Occassional thoughts about orienteering
Tuesday, June 20, 2006
How to run in Scandinavian forestsI've spent some time thinking about how to run in Scandinavian forests. The places I can train at home have relatively smooth and hard ground. But, in Scandinavia the forest tend to be soft and bumpy. In my experience, it is difficult to make the transition.
When I was in Stockholm a couple of weeks ago, I got some clear evidence of the difficulty. I ran with orienteers who do a lot of training in Scandinavian terrain. As I ran with them (either leading or following) I could tell I was working harder and not taking smooth lines through the terrain.
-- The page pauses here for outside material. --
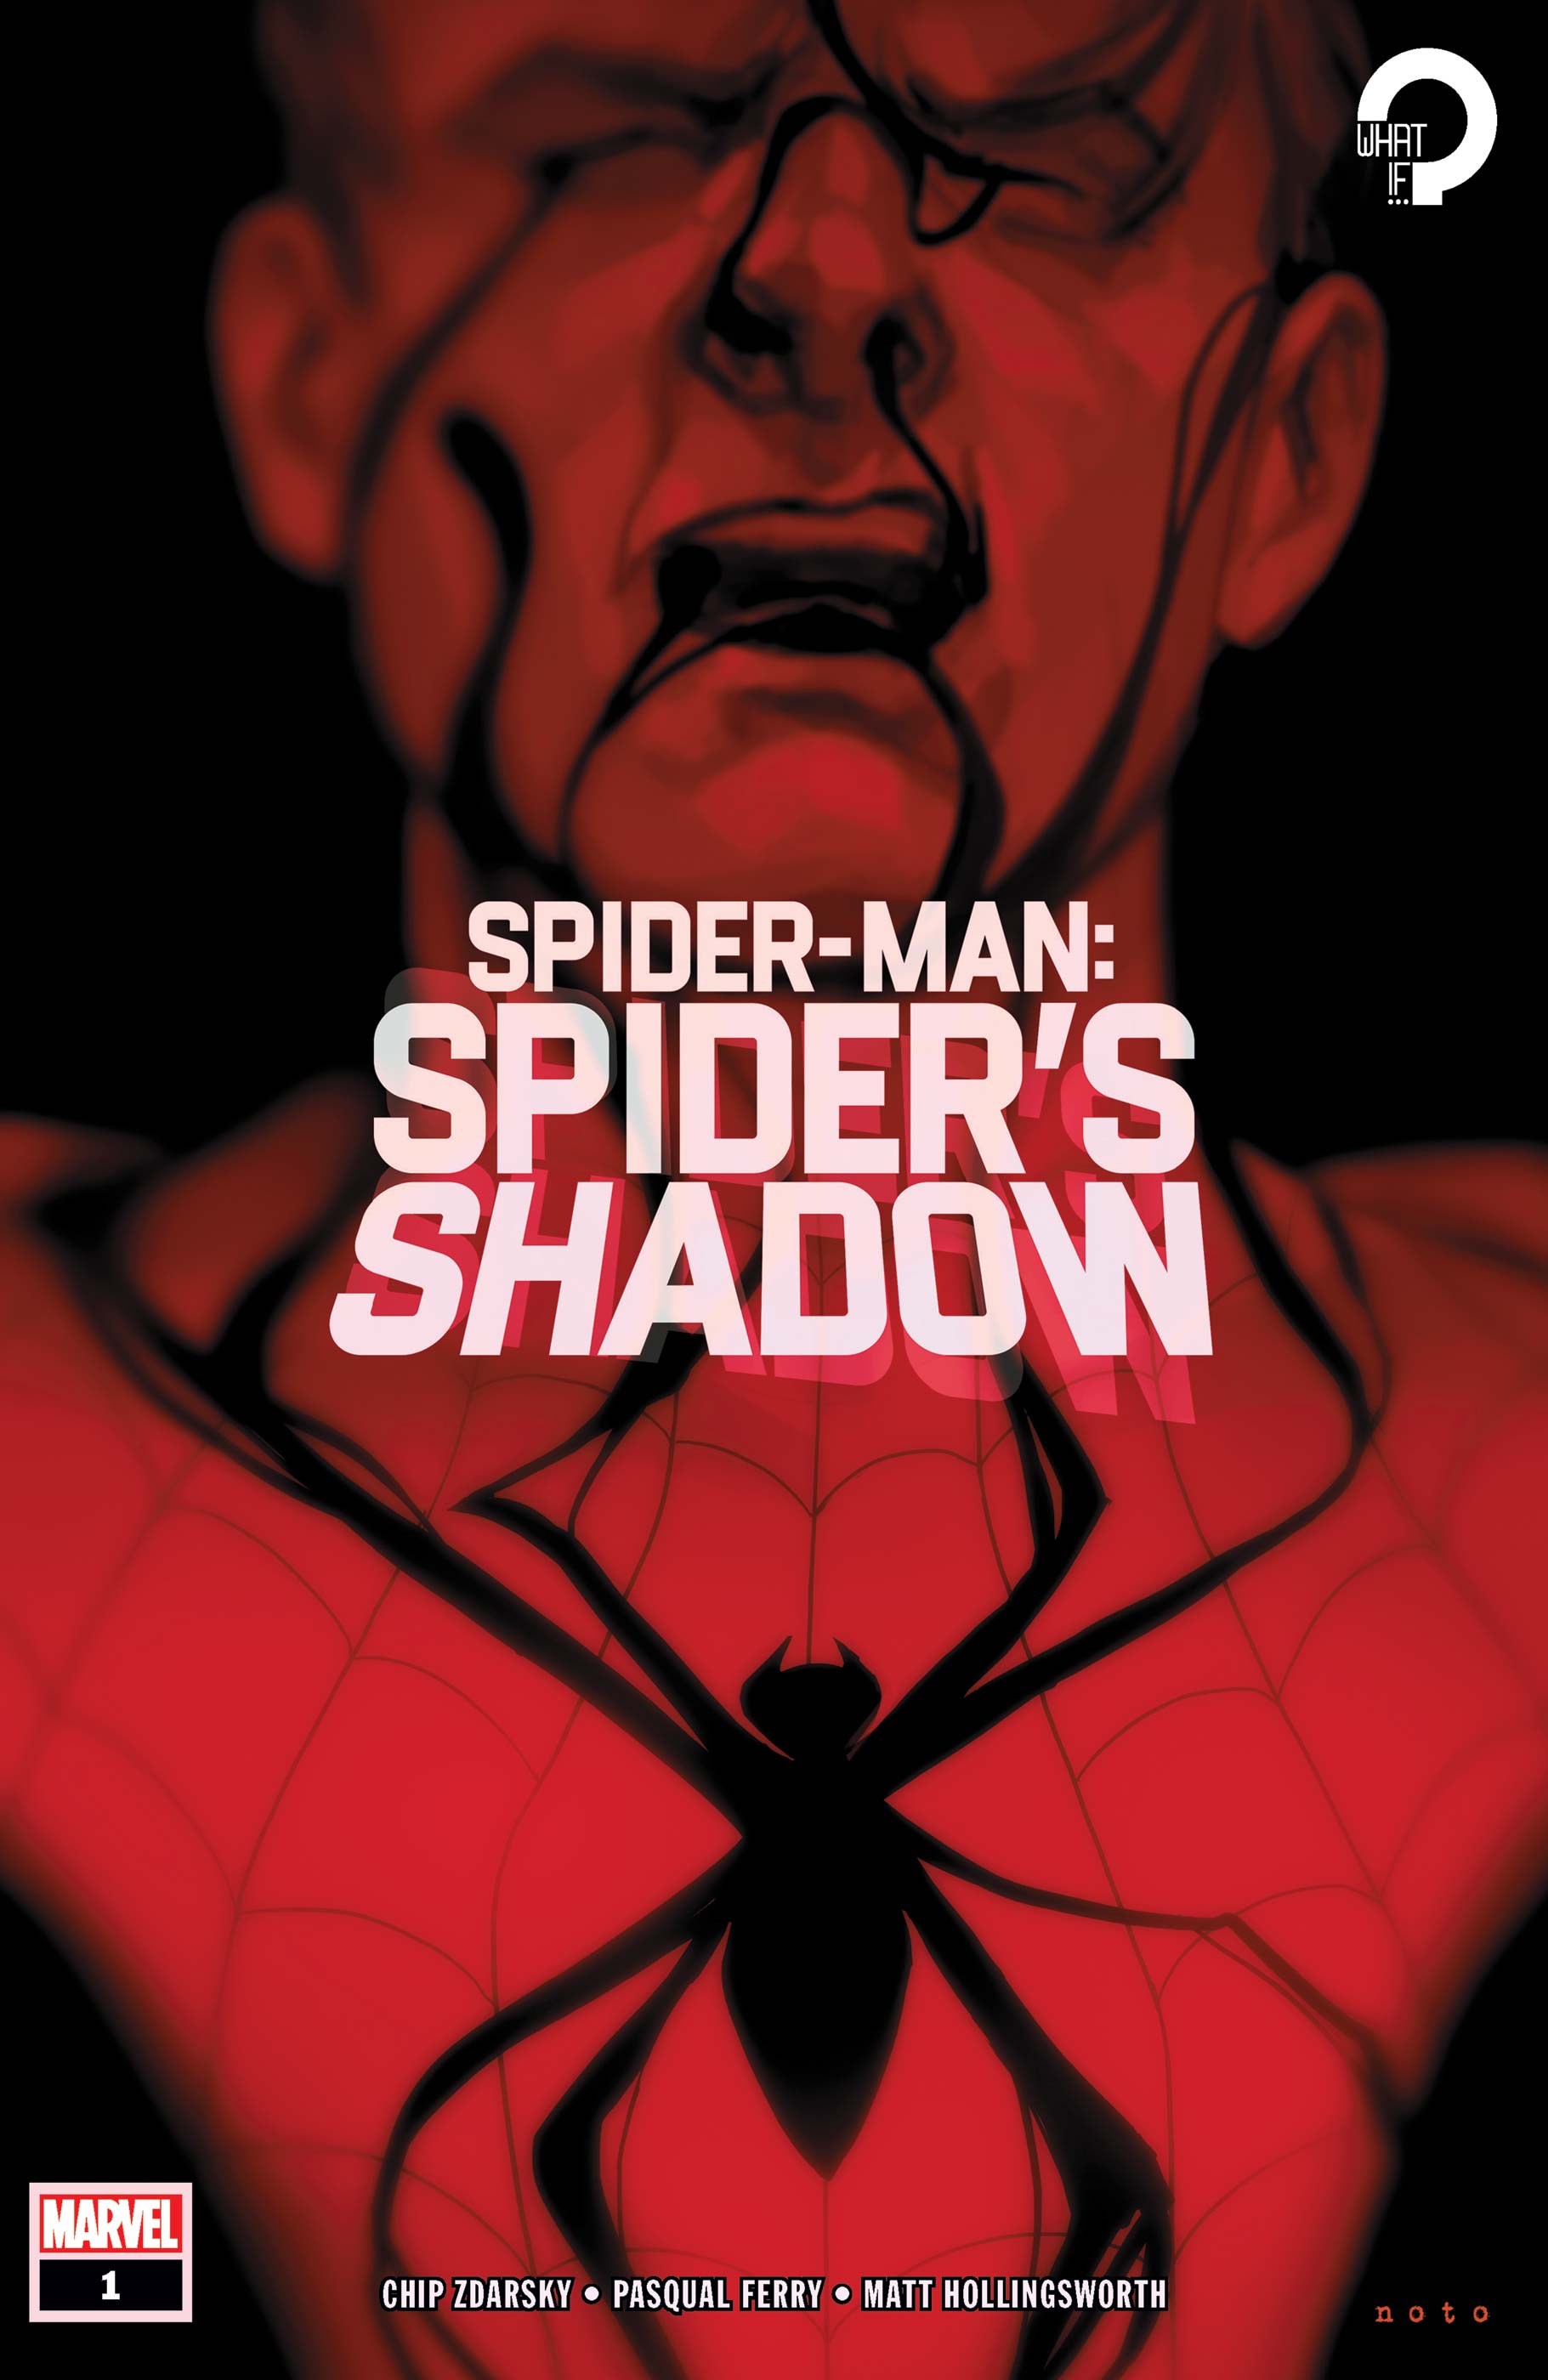 Shadow spider man

I had to expend more thought on running that I should, making it easier to boom.
So, I need to figure out how to make an efficient and effective transition to Scandinavian forests when I go back to Sweden to run the 5-Days. I've got some ideas about how to do that. But, I'm not certain where I put my notes. When I find them, I'll post them.
I was amused to see Holger Hott Johansen struggling with the same problem (though Holger feeling slow is certainly moving faster than I ever do). Here is a bit of what he wrote:
After very little running in typical Nordic terrain this spring I just didn'?t manage to run that fast on rocky ground. The o-technical mistakes I did could not explain my time loss to the winner. It was a frustrating feeling not being able to run fast on a surface where I normally feel very confident. I assume one explanation is that Tiomila and the three days of training before Tiomila are my only kilometres in typical Nordic terrain this year. Other than that my time in the forest has been spent in Skane (southern Sweden), Denmark and Estonia.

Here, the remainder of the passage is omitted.